Bernoulli Naive Bayes¶

There are 856 people who have either tried or not tried a company’s new frozen lasagna product. The data includes the categorical dependent variable tried and several other explanatory variables.

[2]:

df_lasagna = pd.read_csv(dataurl+'lasagna.csv', header=0, index_col='person')
df_lasagna.head()

[2]:

	age	weight	income	car_value	debt	mall_trips	gender	alone	dwell	pay_type	nbhd	tried
person
1	48	175	65500	2190	3510	7	Male	No	Home	Hourly	East	No
2	33	202	29100	2110	740	4	Female	No	Condo	Hourly	East	Yes
3	51	188	32200	5140	910	1	Male	No	Condo	Salaried	East	No
4	56	244	19000	700	1620	3	Female	No	Home	Hourly	West	No
5	28	218	81400	26620	600	3	Male	No	Apt	Salaried	West	Yes

For the Naive Bayes method, numeric predictors must be binned, i.e., made categorical. For this example, each numeric variable has been binned by its quartiles as shown below.

[3]:

df_quantile = df_lasagna.quantile([0, .25, .5, .75, 1])
df_quantile

[3]:

	age	weight	income	car_value	debt	mall_trips
0.00	22.0	142.0	2600.0	130.0	0.0	0.0
0.25	31.0	174.0	24475.0	2110.0	560.0	3.0
0.50	37.5	190.0	39950.0	4175.0	1020.0	4.0
0.75	46.0	210.0	58225.0	7717.5	1972.5	7.0
1.00	64.0	258.0	190500.0	33870.0	8960.0	17.0

[4]:

for col in df_lasagna.columns:
    if df_lasagna[col].dtypes == 'int64':
        df_lasagna[col] = pd.cut(df_lasagna[col], bins=round(df_quantile[col])-[1,1,1,1,0], labels=False)
df_lasagna.head()

[4]:

	age	weight	income	car_value	debt	mall_trips	gender	alone	dwell	pay_type	nbhd	tried
person
1	3	1	3	1	3	3	Male	No	Home	Hourly	East	No
2	1	2	1	1	1	2	Female	No	Condo	Hourly	East	Yes
3	3	1	1	2	1	0	Male	No	Condo	Salaried	East	No
4	3	3	0	0	2	1	Female	No	Home	Hourly	West	No
5	0	3	3	3	1	1	Male	No	Apt	Salaried	West	Yes

We partition data into training and testing datasets.

[5]:

df_lasagna_train = df_lasagna.iloc[:700]
df_lasagna_test = df_lasagna.iloc[700:]

We fit a frequency count based on the training data, which provides the probability of a feature given an individual’s class. For example, person 1 has value ‘No’ for tried and has dwell ‘Home’. We obtain a probability

\begin{align} p(\text{dwell $=$ 'Home'}|\text{No}) = \frac{\text{# of persons whose dwell $=$ 'Home' and tried $=$ 'No'}}{\text{# of persons whose tried $=$ 'No'}} = 0.468 \nonumber \end{align}

The value (‘No’, ‘Home’): 0.468 shows that, if a customer did not try the lasagna product, the probability of his/her dwell type being Home is 0.468.

[6]:

def frequency_count(col, normalize):
    return dict(df_lasagna_train.groupby('tried')[col].value_counts(normalize=normalize))

interact(frequency_count,
         col=widgets.Dropdown(options=df_lasagna_train.columns, value='dwell', description='column:',disabled=False),
         normalize=widgets.Checkbox(value=True, description='normalize',disabled=False)
        );

Similarly, we can calculate

\begin{align} p(\text{dwell $=$ 'Home'}|\text{Yes}), p(\text{age = '3'}|\text{No}), p(\text{income = '2'}|\text{Yes}), \nonumber \end{align}

and so on. In summary, we have $p(\text{feature}|\text{No})$ and $p(\text{feature}|\text{Yes})$ for each possible feature of customers, which can be considered as a feature dictionary.
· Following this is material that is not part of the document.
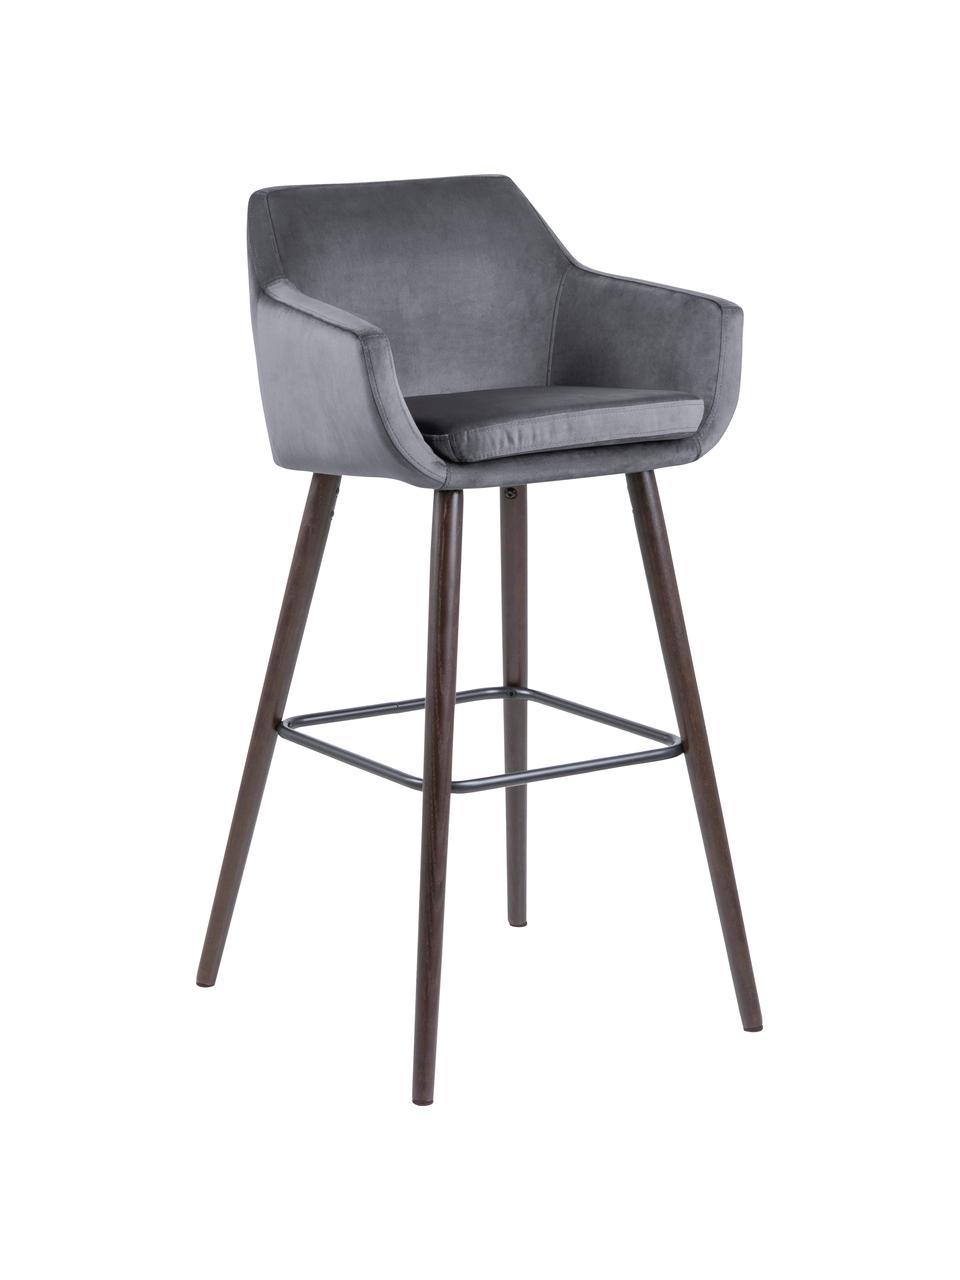 Samt-Barstühle Nora in Grau, 2 Stück, Bezug: Polyestersamt 25.000 Sche, Beine: Eichenholz, gebeizt und g, Samt Dunkelgrau, Beine: Eiche, 55 x 101 cm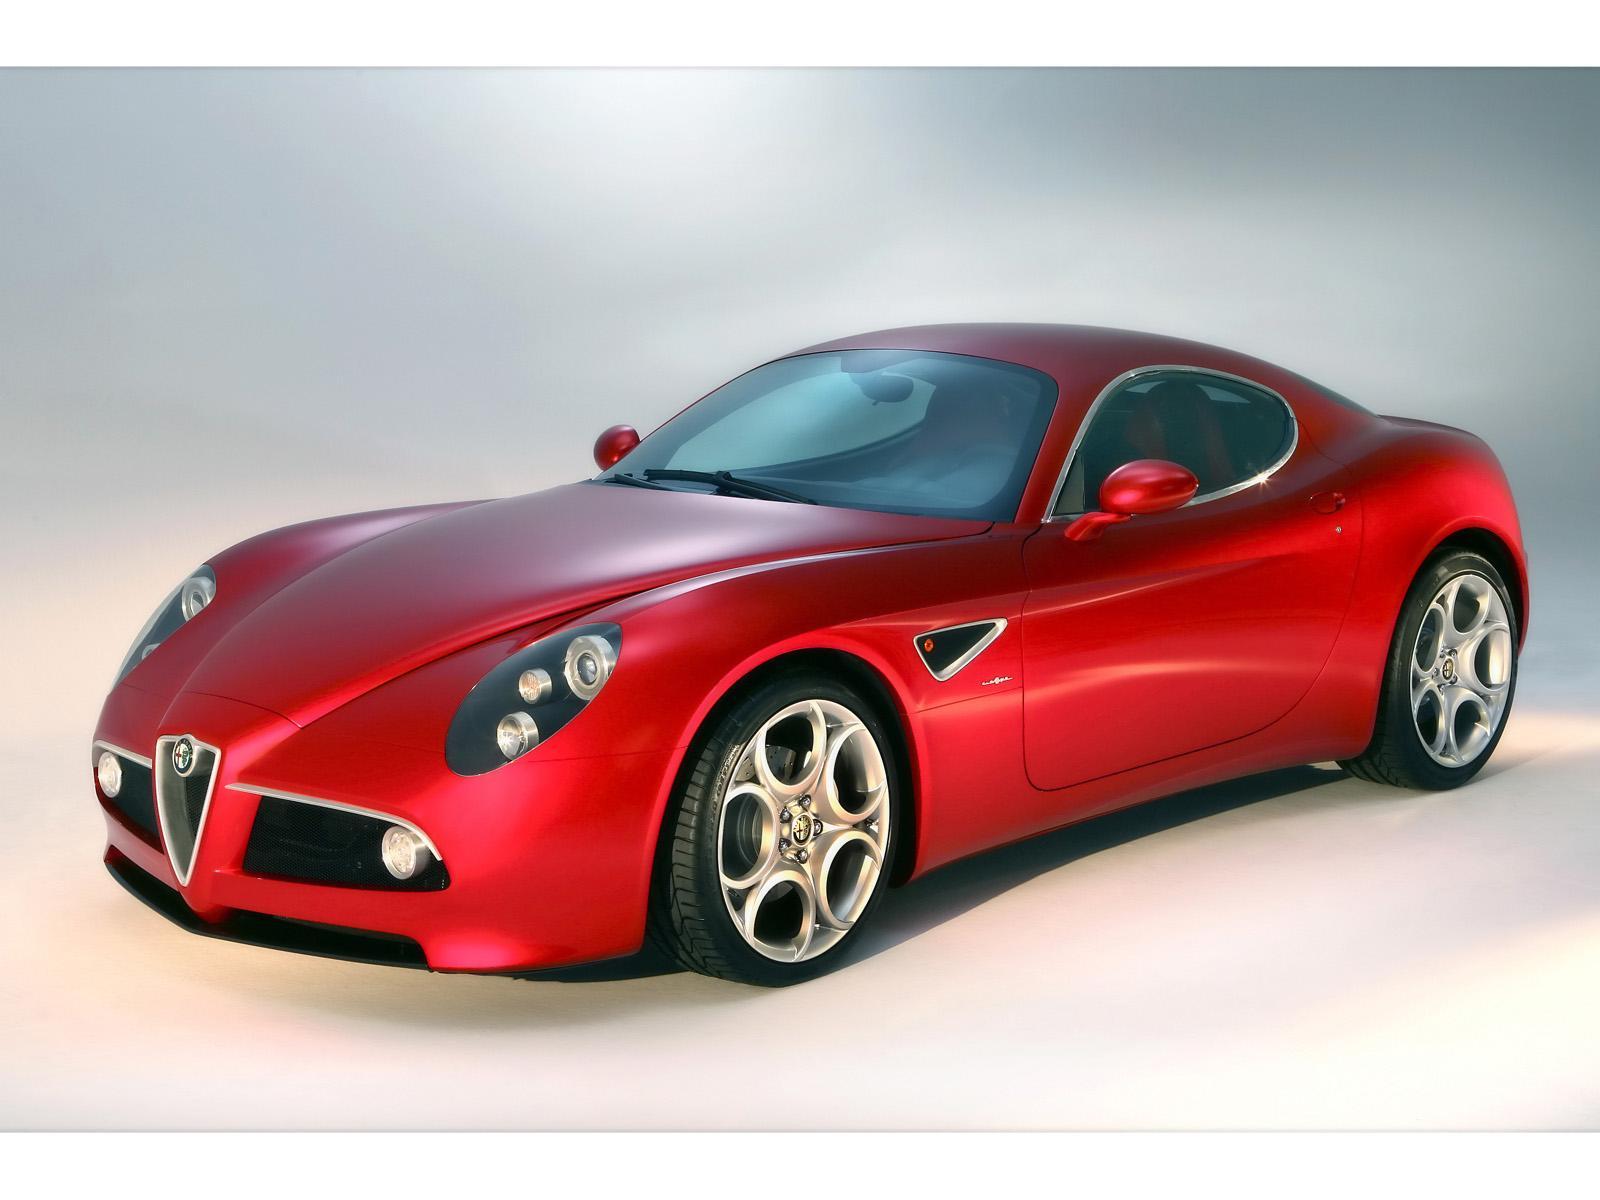 Alfa Romeo 8C Competizione Image Wallpapers Desktop Download Wallpaper

With this feature dictionary, we want to obtain probabilities \begin{align} p(\text{person 1}|\text{No}) \text{ and } p(\text{person 1}|\text{Yes}) \nonumber \end{align}

where the probability $p(\text{person 1}|\text{No})$ can be interpret as

if a person did not want to try the lasagna product, s/he has probability $p(\text{person 1}|\text{No})$ being person 1.

Then our prediction is as simple as follows

If $p(\text{person 1}|\text{No}) > p(\text{person 1}|\text{Yes})$ then we prediction the person will not try the lasagna production
Otherwise, we prediction the person will try the lasagna production.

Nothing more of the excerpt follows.